Gowers knew that the grail he pursued, and eventually claimed, was a poisoned chalice. The current Hawthorn are not, despite the claim of their jaunty club song, a happy team. From their awesome mid-2010s pomp, Hawthorn have declined sharply, on field and off. Long-serving quadruple-premiership coach Alastair Clarkson left amid acrimony in 2021. In 2022, Hawthorn were at best mediocre. So far in 2023, they’ve been so horrible that Gowers has found himself angrily denying that the Hawks are tanking with an eye on this year’s draft. And Hawthorn faces further roiling from an enquiry into racism at the club.
But as any political operator knows, you can’t change anything if you don’t win the election (and $15 million in state funding for an upgrading of facilities was duly released to the new Hawthorn regime in April).

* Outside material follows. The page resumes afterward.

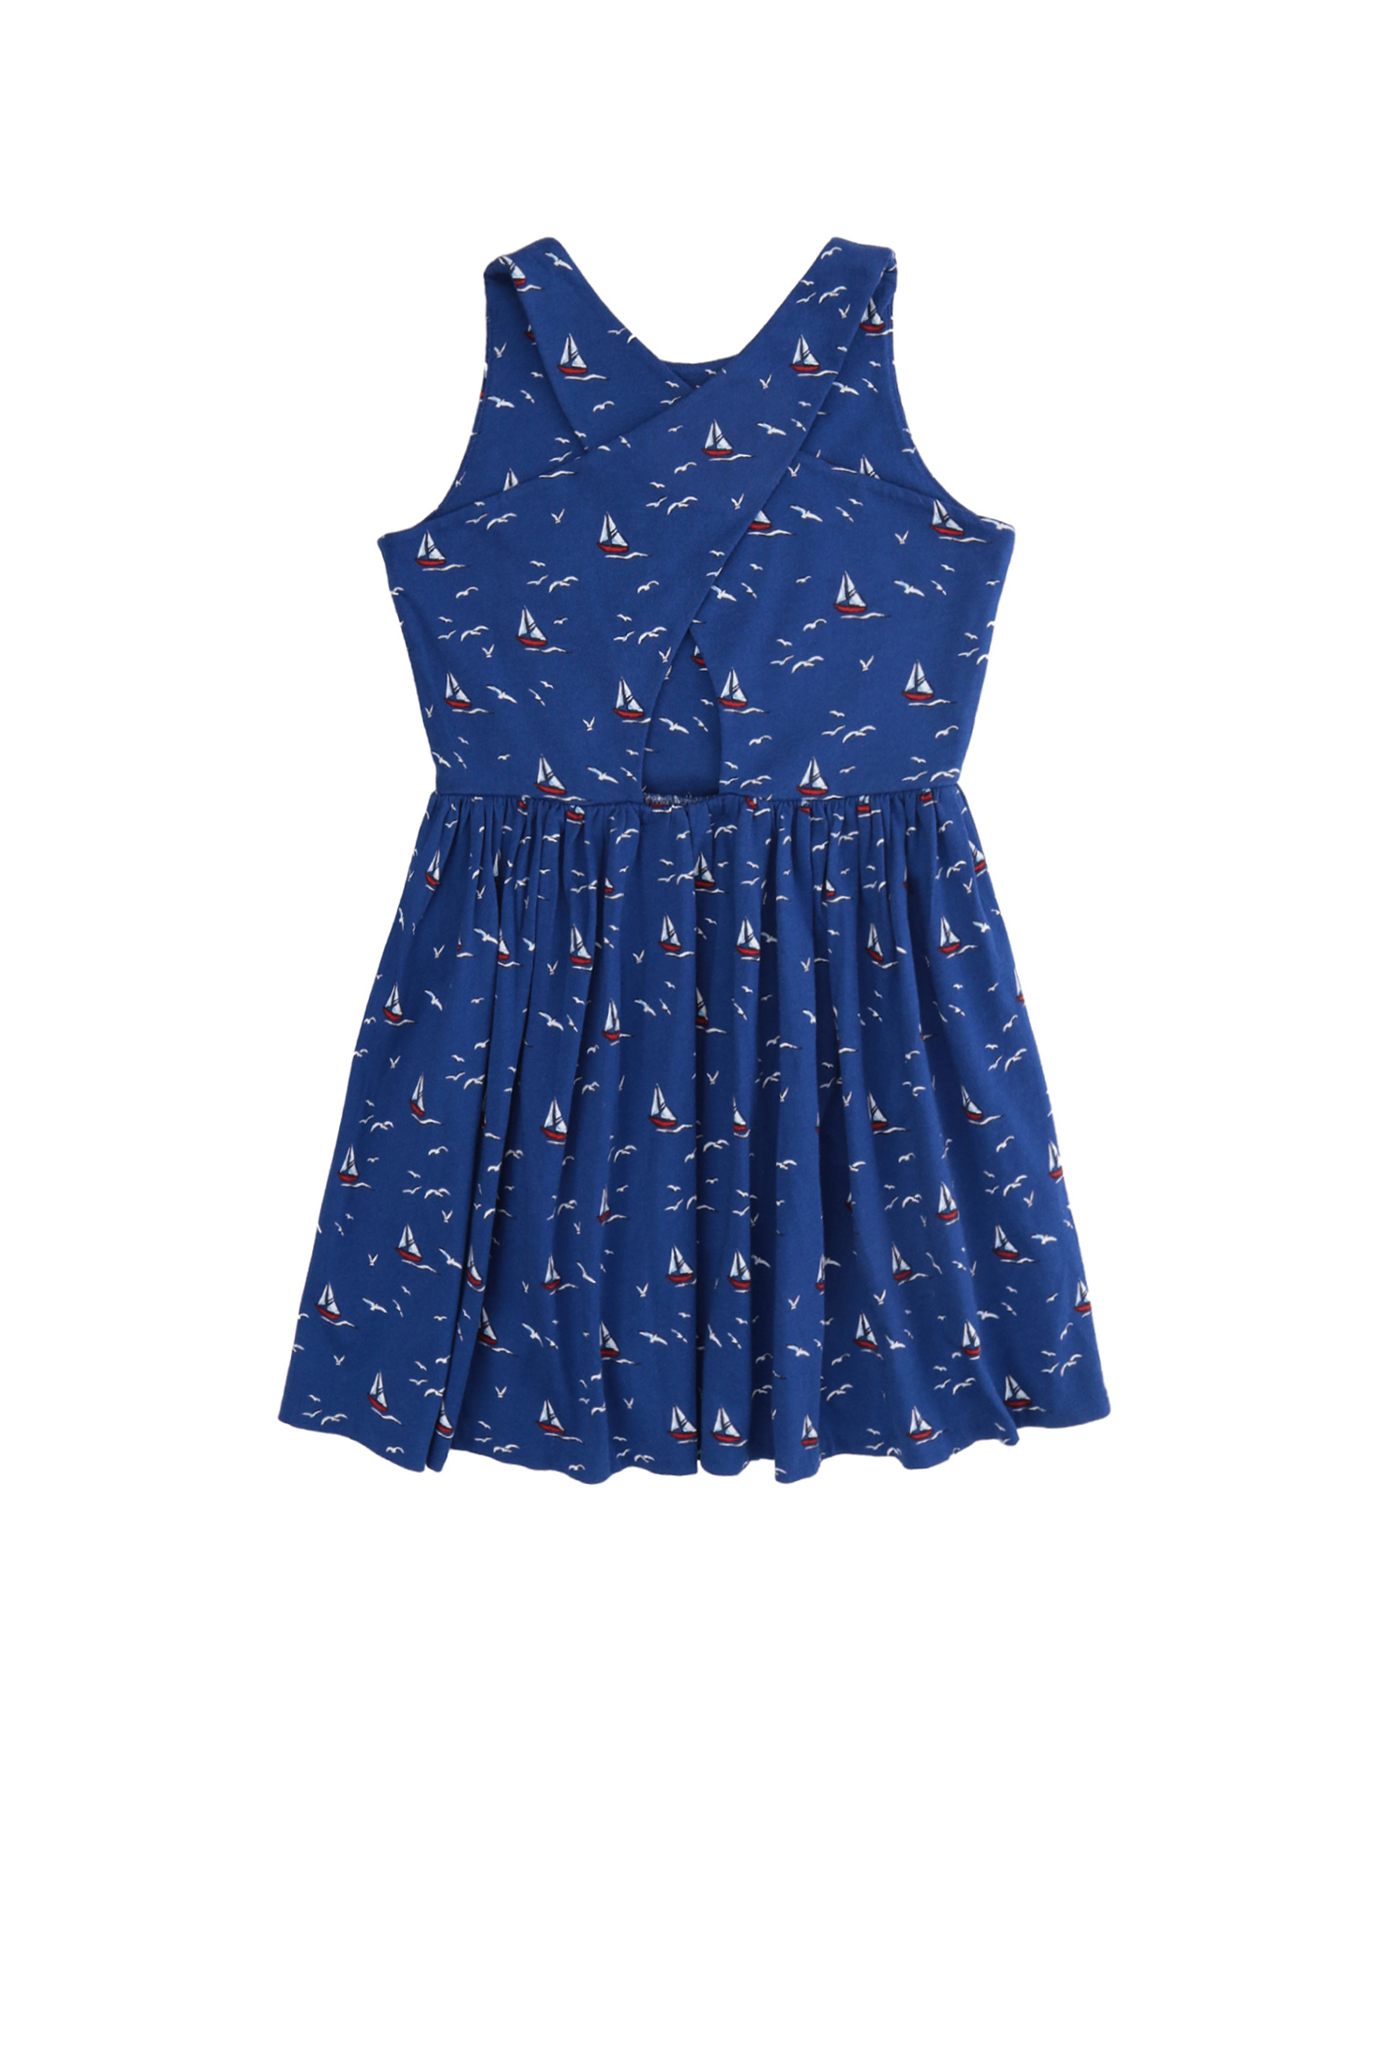 Дитяча синя сукня 1

And if Hawthorn need a story to tell their supporters, themselves, and the world, they now have available a narrative which is arguably the most compelling of all, so long as it’s not Jeff Kennett telling it: that of the underdog.
Correction: May 23, 2023
An earlier version of this article misidentified Angry Anderson as a marathon runner. Robert De Castella, who joined Angry Anderson in the Chrysler Valiant convertible at the 1991 Grand Final, is a marathon runner. Angry Anderson is a singer, actor and failed National Party politician, but not an athlete.